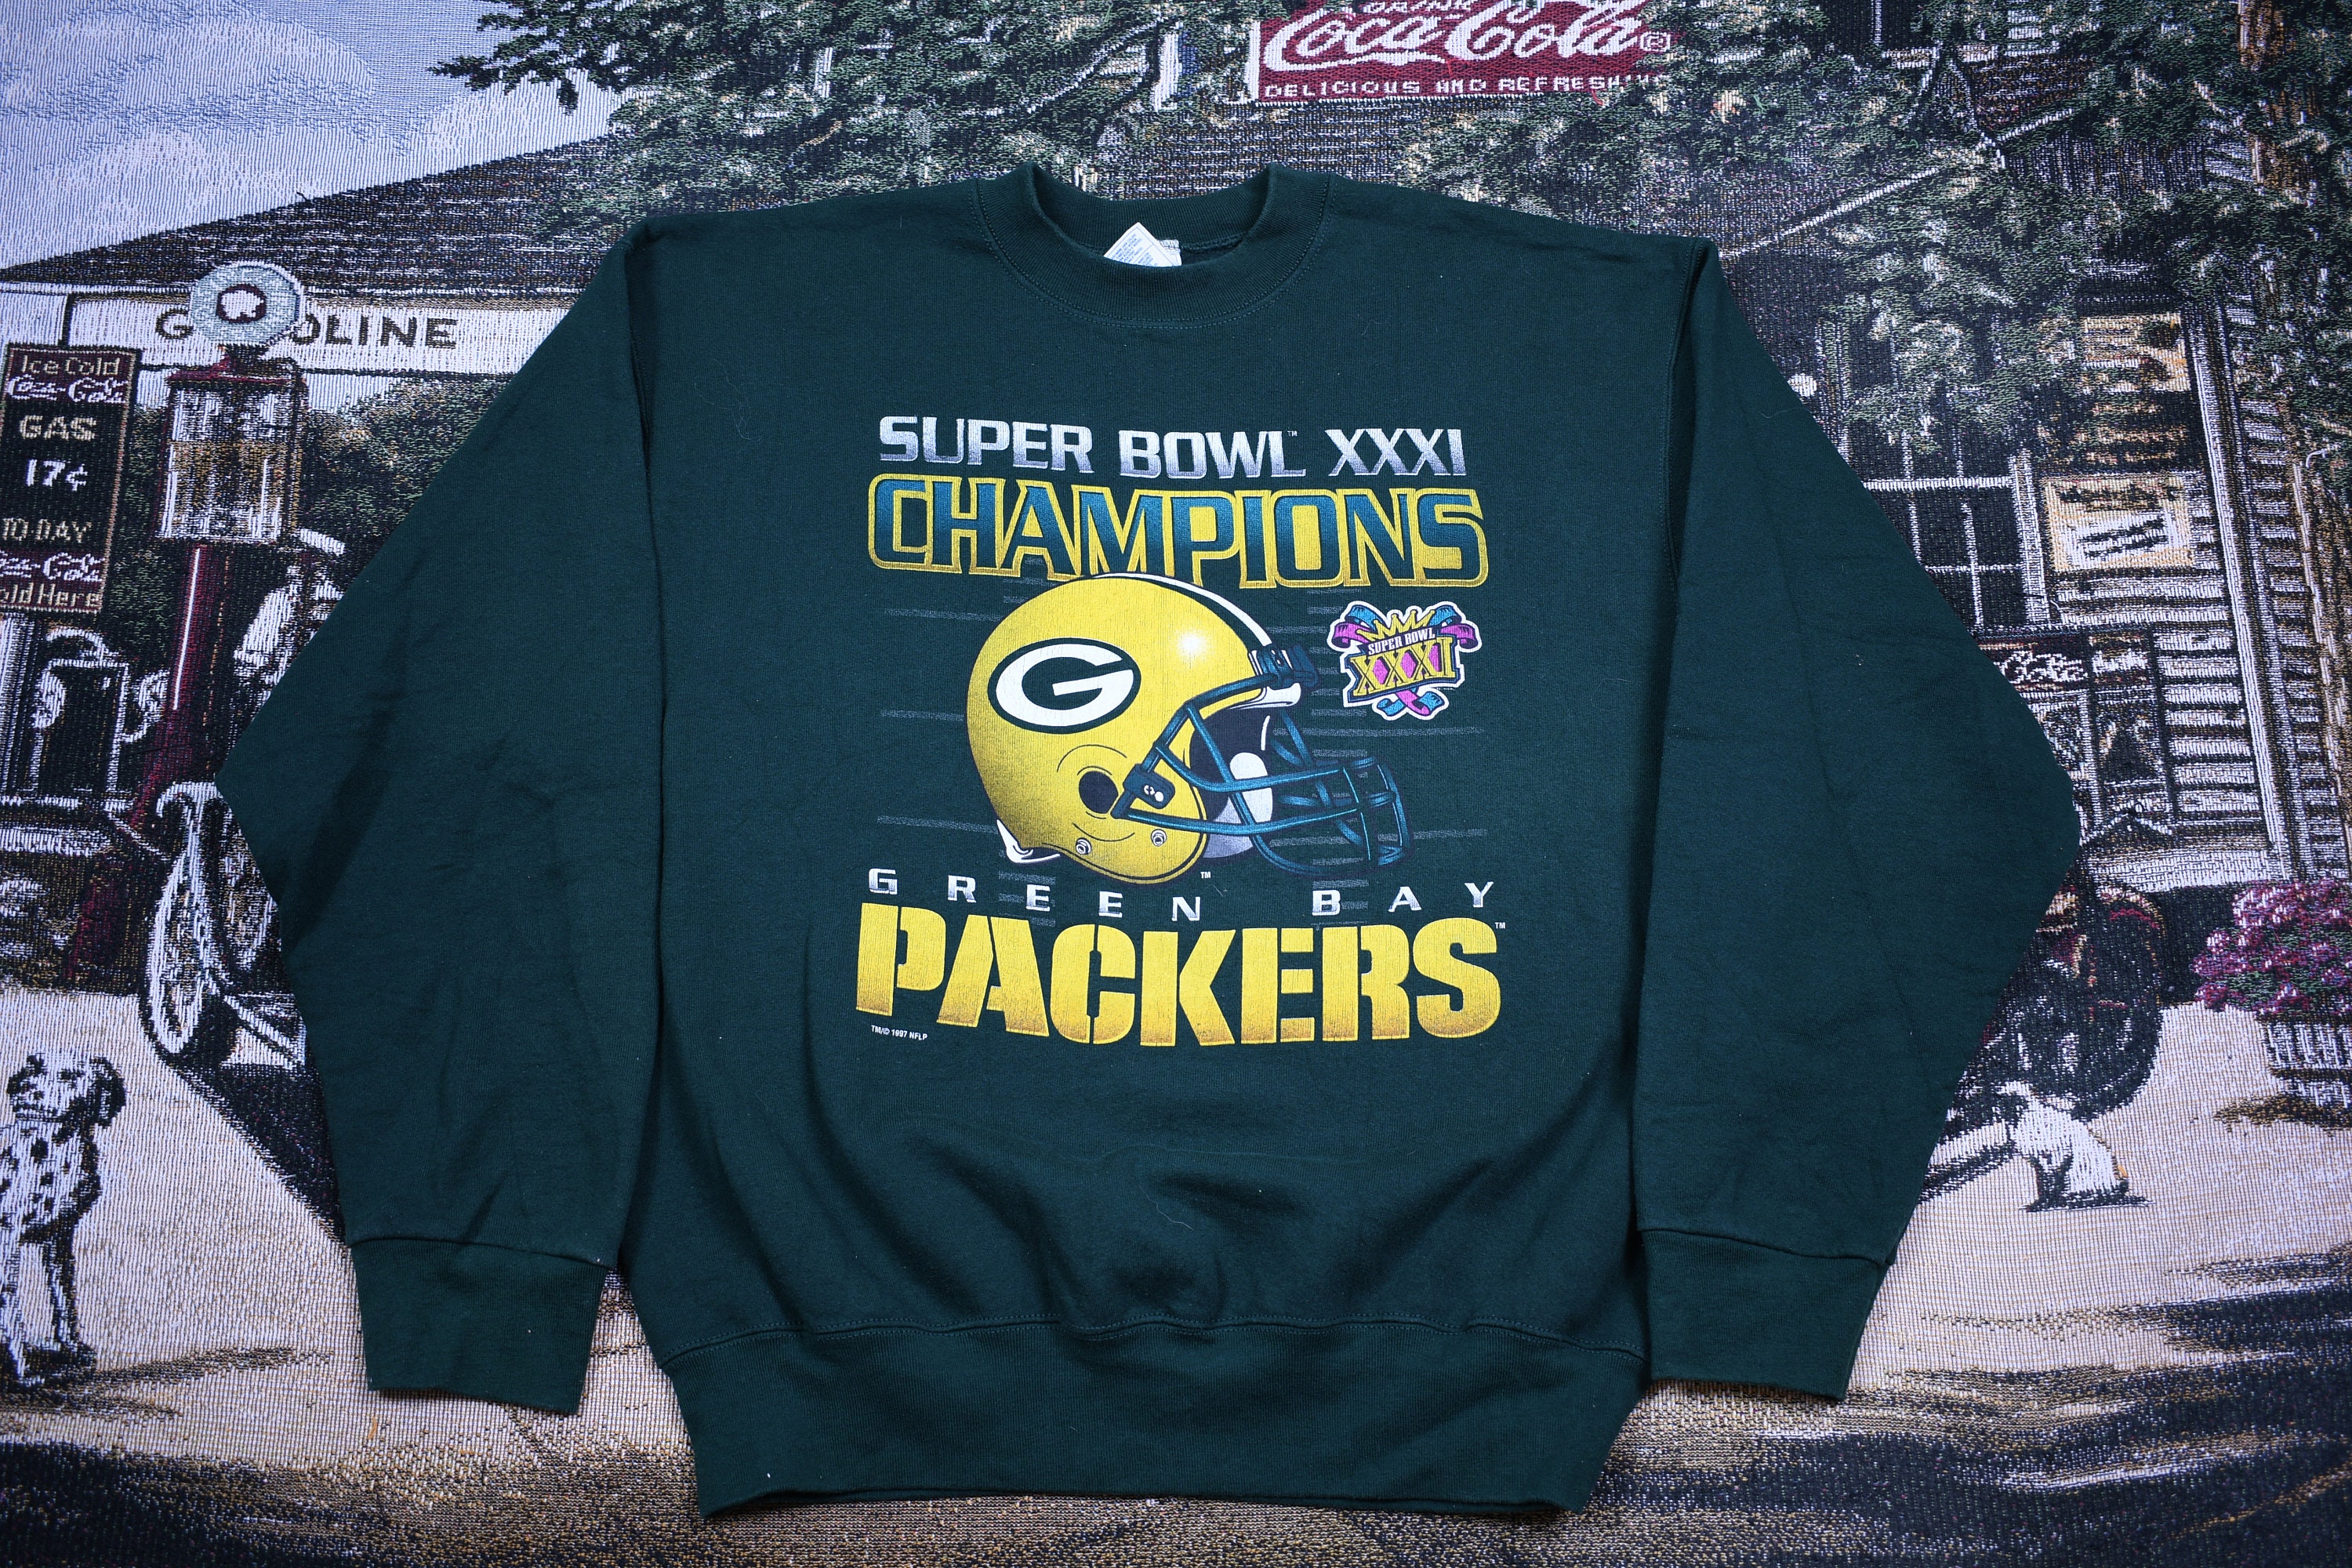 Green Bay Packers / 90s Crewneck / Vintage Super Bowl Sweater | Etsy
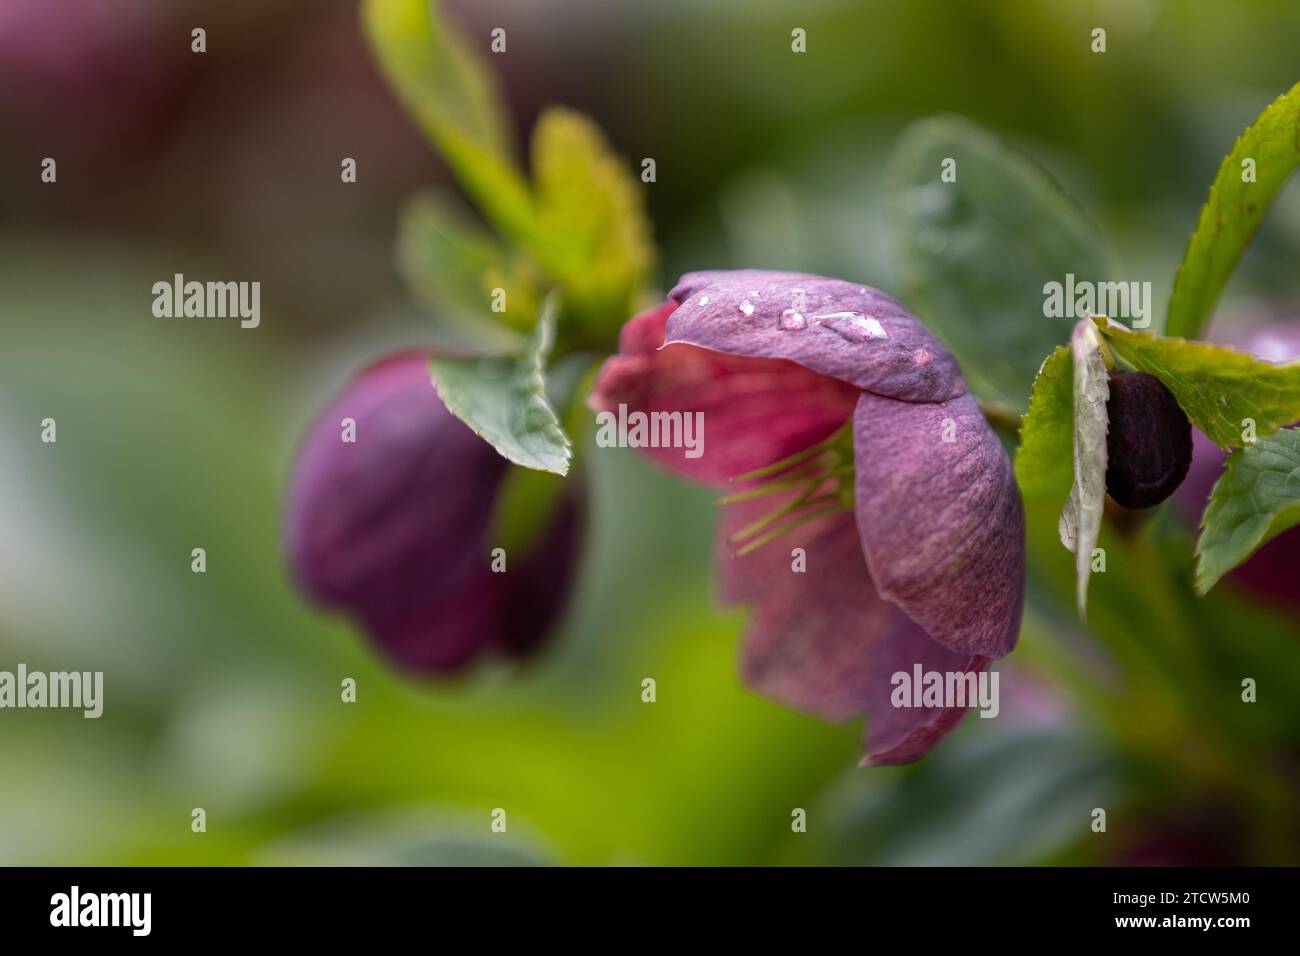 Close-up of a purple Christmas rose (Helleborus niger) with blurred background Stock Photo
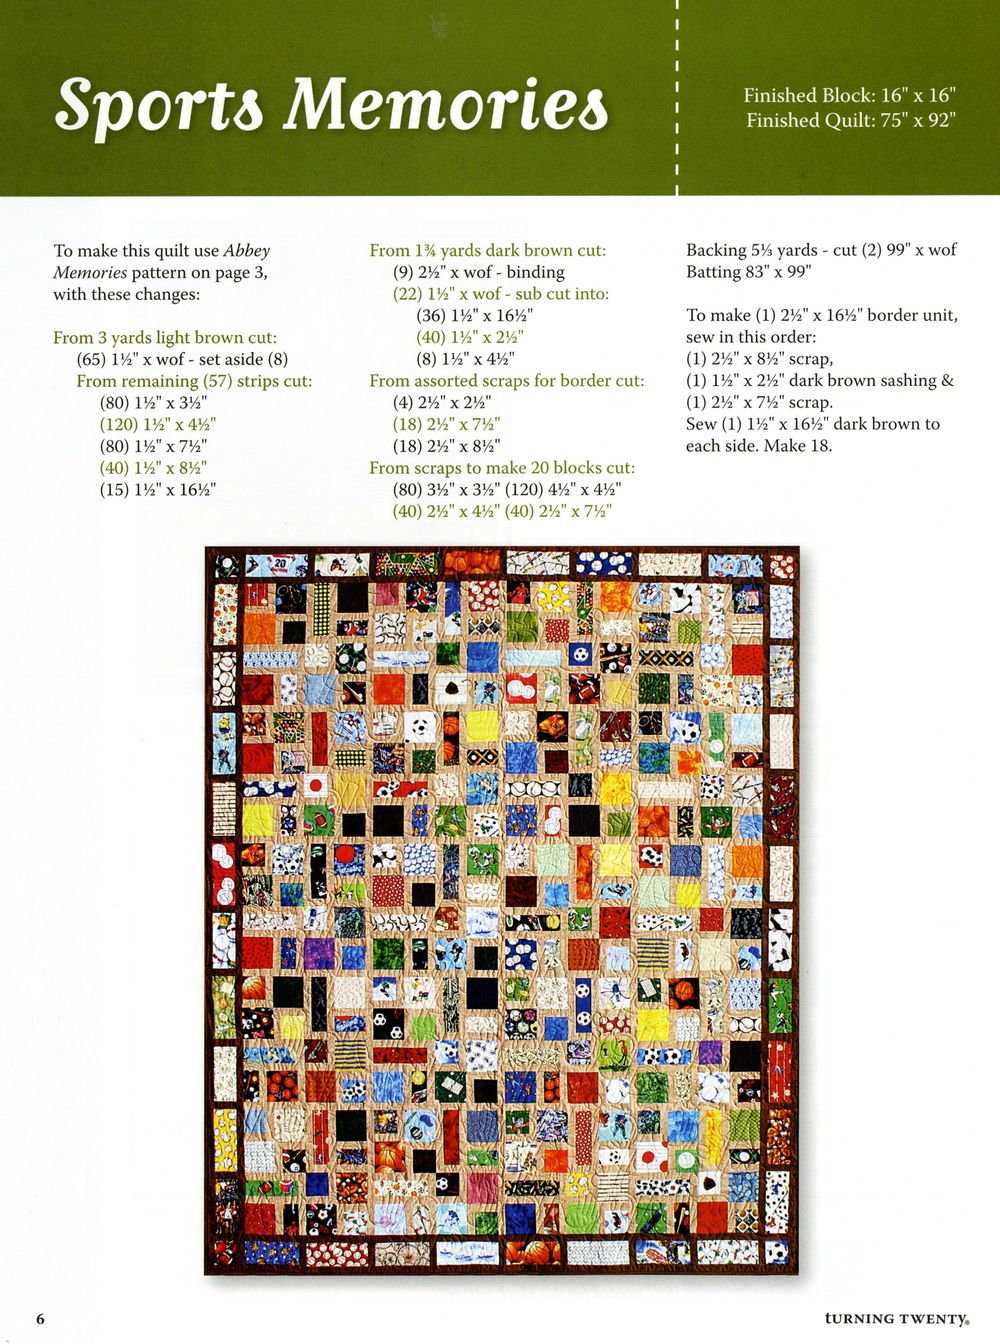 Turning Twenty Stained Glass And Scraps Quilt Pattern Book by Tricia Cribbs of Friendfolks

__Exercise prompt__.
Without reproducing any picture, repeat exactly the lines from the one containing "Close-up of a" through the last line of the material above, both ends included.

__Final answer__.
 Close-up of a purple Christmas rose (Helleborus niger) with blurred background Stock Photo
 Turning Twenty Stained Glass And Scraps Quilt Pattern Book by Tricia Cribbs of Friendfolks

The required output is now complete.